- Assigned task -
Each time a line of the listing holds "sobre", copy that line.

- Excerpted records -
------------------------------------------------------------

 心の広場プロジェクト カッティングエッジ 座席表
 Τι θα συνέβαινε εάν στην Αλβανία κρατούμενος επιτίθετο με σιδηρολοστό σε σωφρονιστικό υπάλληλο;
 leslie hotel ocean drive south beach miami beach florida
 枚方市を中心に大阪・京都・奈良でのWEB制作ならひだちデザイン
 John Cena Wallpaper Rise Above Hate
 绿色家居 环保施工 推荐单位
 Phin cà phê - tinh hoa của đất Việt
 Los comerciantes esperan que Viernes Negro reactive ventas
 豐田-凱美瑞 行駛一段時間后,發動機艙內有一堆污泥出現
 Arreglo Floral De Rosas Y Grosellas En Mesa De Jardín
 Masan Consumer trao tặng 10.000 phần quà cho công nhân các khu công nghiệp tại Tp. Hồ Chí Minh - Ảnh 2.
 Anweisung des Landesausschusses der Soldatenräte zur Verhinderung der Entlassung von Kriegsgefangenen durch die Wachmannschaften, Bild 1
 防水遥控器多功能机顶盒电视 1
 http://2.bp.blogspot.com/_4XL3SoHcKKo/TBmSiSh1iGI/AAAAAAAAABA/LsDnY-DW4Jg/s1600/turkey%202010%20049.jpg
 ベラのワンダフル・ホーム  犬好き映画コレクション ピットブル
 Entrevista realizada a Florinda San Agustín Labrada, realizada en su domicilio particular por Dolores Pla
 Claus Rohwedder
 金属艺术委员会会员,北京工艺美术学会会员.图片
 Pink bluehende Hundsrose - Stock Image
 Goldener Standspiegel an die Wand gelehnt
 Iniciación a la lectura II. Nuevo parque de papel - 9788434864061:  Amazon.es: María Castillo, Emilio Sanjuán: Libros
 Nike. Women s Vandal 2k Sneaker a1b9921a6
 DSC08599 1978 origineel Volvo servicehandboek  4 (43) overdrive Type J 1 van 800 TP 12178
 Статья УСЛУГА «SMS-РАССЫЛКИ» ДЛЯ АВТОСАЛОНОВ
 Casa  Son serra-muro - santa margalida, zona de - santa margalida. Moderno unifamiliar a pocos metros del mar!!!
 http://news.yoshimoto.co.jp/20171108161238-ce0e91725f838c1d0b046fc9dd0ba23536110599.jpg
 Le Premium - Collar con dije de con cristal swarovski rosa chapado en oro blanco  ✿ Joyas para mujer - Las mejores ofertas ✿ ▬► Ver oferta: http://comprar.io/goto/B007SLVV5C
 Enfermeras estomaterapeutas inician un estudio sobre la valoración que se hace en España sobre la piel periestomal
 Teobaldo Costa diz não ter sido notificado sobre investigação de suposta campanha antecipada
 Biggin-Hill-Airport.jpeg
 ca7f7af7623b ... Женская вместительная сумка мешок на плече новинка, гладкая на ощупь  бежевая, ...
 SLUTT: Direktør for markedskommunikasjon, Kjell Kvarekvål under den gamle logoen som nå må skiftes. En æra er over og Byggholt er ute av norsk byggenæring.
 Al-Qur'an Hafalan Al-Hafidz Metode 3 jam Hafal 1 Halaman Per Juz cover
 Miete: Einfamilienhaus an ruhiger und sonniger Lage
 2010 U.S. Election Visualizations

------------------------------------------------------------

- Expected answer -
 Enfermeras estomaterapeutas inician un estudio sobre la valoración que se hace en España sobre la piel periestomal
 Teobaldo Costa diz não ter sido notificado sobre investigação de suposta campanha antecipada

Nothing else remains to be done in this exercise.